Kenya’s biggest listed firms and tier one banks have in the past year cut their cash holdings by nearly Sh60 billion, unwinding through dividends and new investments some of the muscle they had built up at the height of the Covid-19 pandemic.
Business Daily analysis of the Nairobi Securities Exchange’s (NSE) 16 largest firms –which have a market capitalisation of at least Sh10 billion each—shows that while their cash holdings are still well above the pre-Covid levels, there was a significant drawdown for the 2021 financial year when banks resumed paying dividends.
Capital conservation was the norm in 2020, as uncertainty over the economy during the pandemic forced firms to go slow on new investments and adopt a cautious policy towards distributing earnings to shareholders.
These 16 firms, which comprise the nine tier-one banks, Safaricom, EABL, BAT, KenGen, Jubilee Holdings, Bamburi Cement and Britam, held Sh571.5 billion in cash and cash equivalents at the close of 2021, compared to Sh629.4 billion in 2020.
They had held Sh437.2 billion in 2019, before raising their liquidity by Sh192 billion the year after.

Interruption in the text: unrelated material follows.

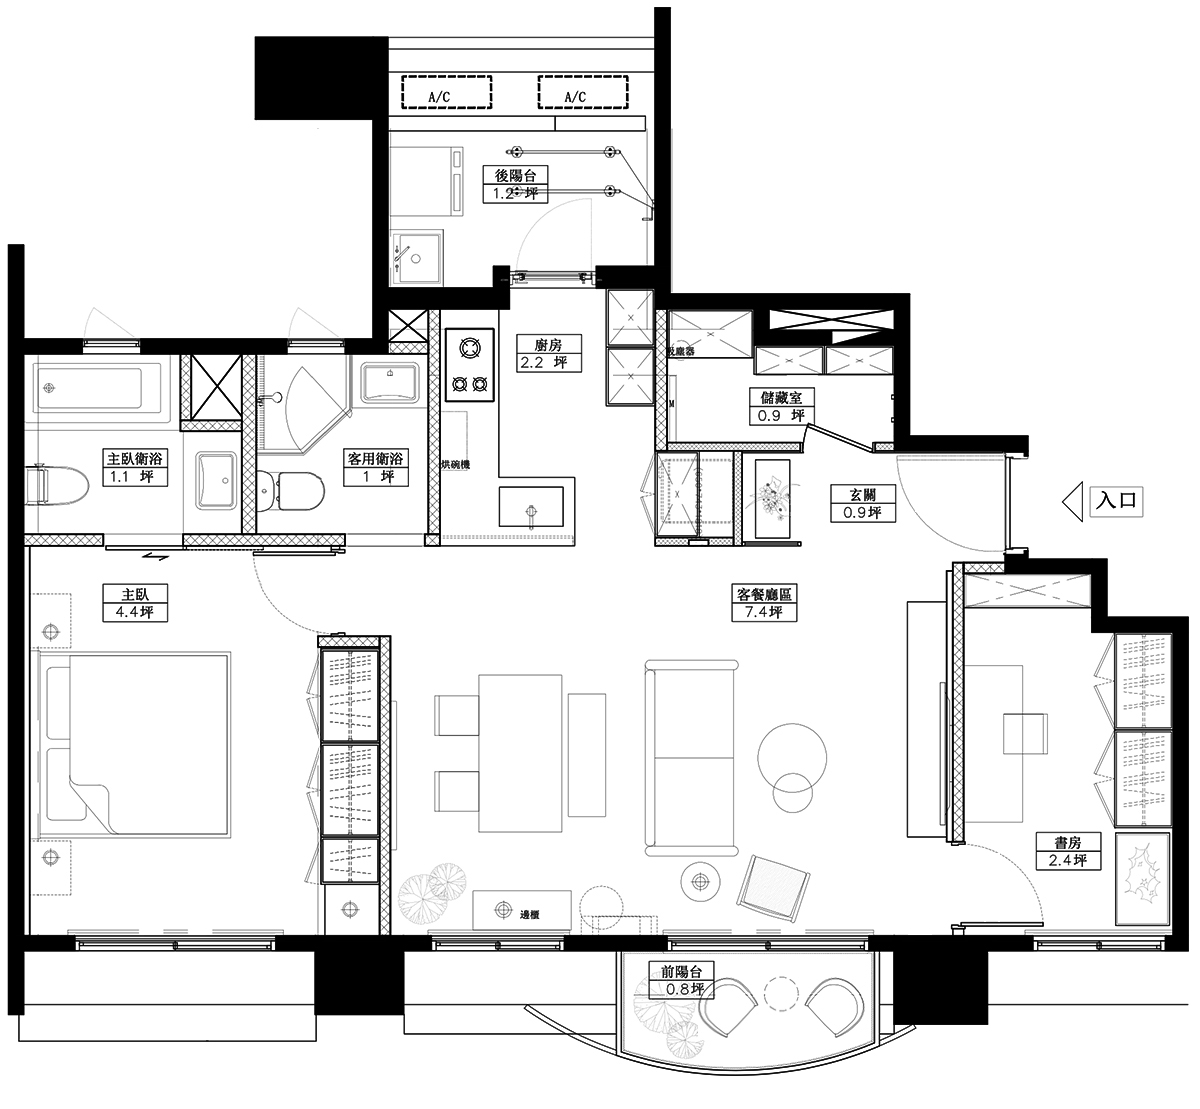 沐光植境设计,小公寓设计,公寓设计案例,公寓设计,沐光植境设计,60㎡公寓设计,最小宅

Other than cash deposits in bank accounts, companies count investments in Treasury bills, commercial papers, and money market funds as cash equivalents—meaning instruments that can be quickly converted into cash.
For banks, cash equivalents comprise securities or facilities that have less than 91 days to maturity from the date of acquisition, which include T-bills, amounts due from other lenders and balances held at the Central Bank of Kenya, less the mandatory cash reserve ratio deposits.
Banks accounted for the bulk of cash fluctuations in the two-year period, arising naturally from their position as holders of the biggest cash piles in the economy.
The nine tier one lenders together hold nearly seven times the cash pile of the other seven firms the Business Daily analysed. The lenders’ cash pile stood at Sh496.7 billion at the end of 2021, down from Sh571.9 billion in 2020.
A CBK directive was issued in August 2020 requiring them to first seek regulatory approval before issuing dividends, a move that saw a majority freeze payments for the year and helped the cash build up.
Equity Group, which is Kenya’s largest lender by assets, said in its annual report for 2021 that by the end of the year, its cash holdings stood at Sh190.8 billion, down from Sh226.9 billion a year earlier.
It was followed by NCBA at Sh67.4 billion, Stanbic Kenya at Sh62.6 billion, and Standard Chartered Kenya at Sh62.3 billion.
Among the non-bank firms, Safaricom held the largest cash pile at Sh30.7 billion by the closure of its financial year in March 2022, having raised it from Sh26.7 billion a year earlier.
While banks cut their cash piles by issuing larger dividends, non-lenders continued to add on to theirs, signalling improved earnings even as they remained large conservative about raising dividends due to continued concerns about the economy.